Trenton offers a treasure trove of piano, organ, and keyboard gems. Bruce resurrects “My Beautiful Reward” from Lucky Town with fitting majesty on pump organ and plays “Backstreets” with touching reverence, in one of but three solo piano performances on the tour. “Drive All Night,” revived for the first time in 24 years just a few shows prior, captures the conviction of an artist rediscovering the magic of a forgotten work. “Jesus Was an Only Son” gets an insightful preamble that is right out of the pages of Born to Run. And who could imagine the three-ring circus that is “Thundercrack” could be tamed into such an entertaining solo-piano rendition and still carry the song’s evocative spirit.
For veteran setlist trainspotters, Trenton has a couple of bombshells. One of Springsteen’s most beloved early outtakes, “Zero and Blind Terry,” had not been performed since 1974 and never as a solo piano piece. It’s one of those romantic fairy tales that could have easily slipped onto Wild & Innocent, a Jersey fable that mythologizes young lovers trying to escape to a better life beyond Route 9. All the more fitting for a show in Trenton, but the idea that the song would be played at all, three decades after it wasn’t released, affirms the Devils & Dust tour mantra: I do not play these songs often. I have not played them on this instrument. I may not play them this way again.
The other shocker debuted the night before but is no less special. After hearing it himself on E Street Radio and thinking, “Hey, that one was pretty good,” Springsteen reignited “Song for Orphans,” not heard since 1973. Collectors know it from a demo recording that predates Greetings From Asbury Park, N.J., the album for which it was initially considered, though there is evidence to suggest Bruce considered the song for possible release all the way through Born to Run.

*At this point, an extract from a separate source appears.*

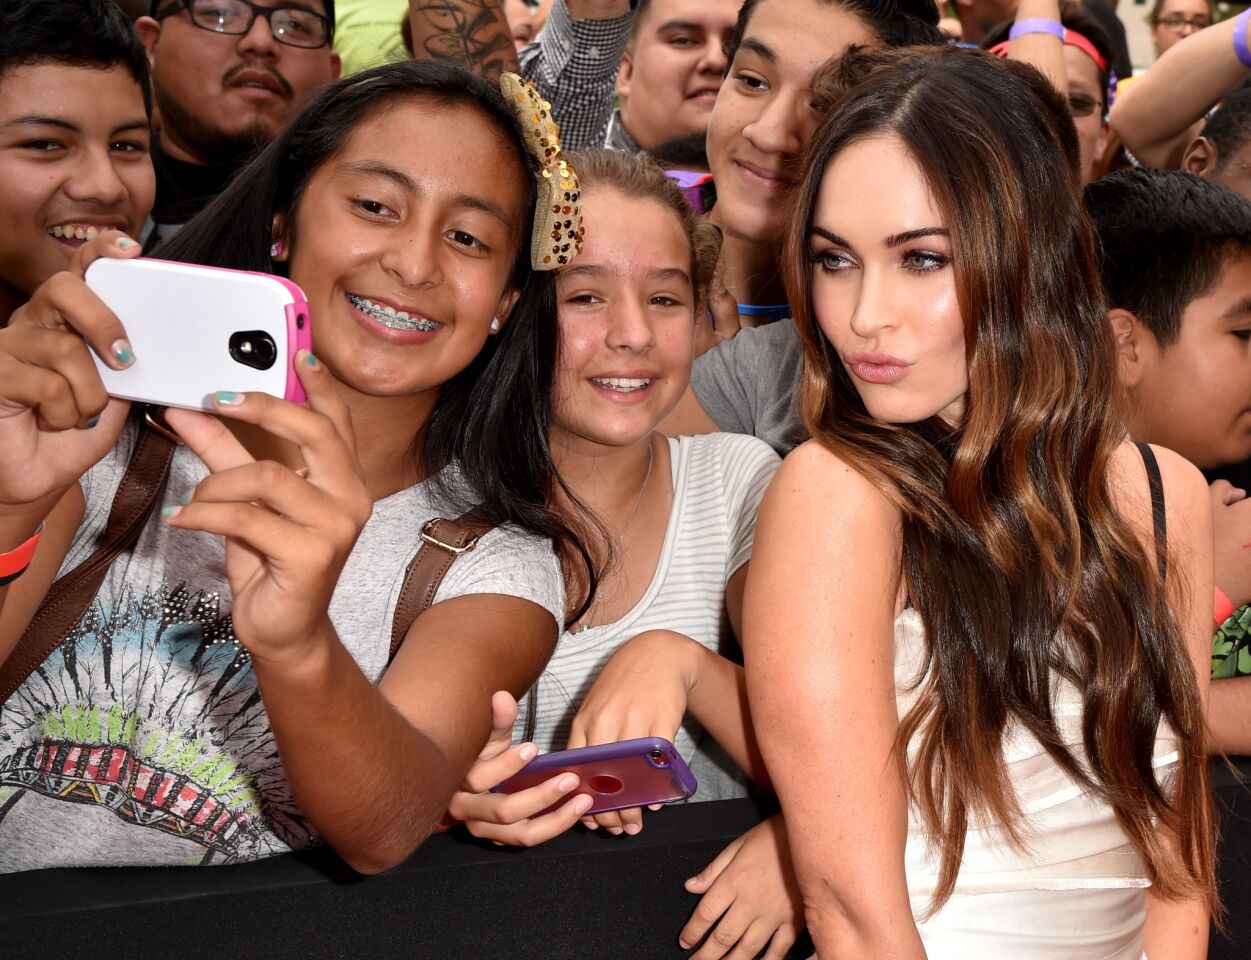 Actress Megan Fox, right, joins a selfie with fans at the premiere of Paramount Pictures' "Teenage Mutant Ninja Turtles" at Regency Village Theater in Westwood on Aug. 3

Here, joined by his otherwise off-stage keyboard accompanist Alan Fitzgerald on piano, Springsteen manages to blend the spirit of ’72 with ’05, rendering “Song for Orphans” and his most recent Devils & Dust material kindred works.
After some fun had with members of the extended Springsteen family on “Santa Claus is Comin’ to Town” and the Joad-tour arrangement of “The Promised Land,” Trenton comes to its pump organ epilogue. The meditative “Dream Baby Dream” provided the coda to most shows on the Devils & Dust tour and has no analogue in Springsteen performance history, as it builds wave upon wave of organ, synthesizer, and repeated vocal lines imploring us to “keep on dreaming” and “open up our hearts.” That it wouldn’t sound out of place over the end credits to a David Lynch film speaks to its peculiar and relentless brilliance.
Trenton 2005 is both the final show and the perfect summation of the Devils & Dust tour, when Springsteen chose night after night to go “cartwheelin’ up on that tightrope.”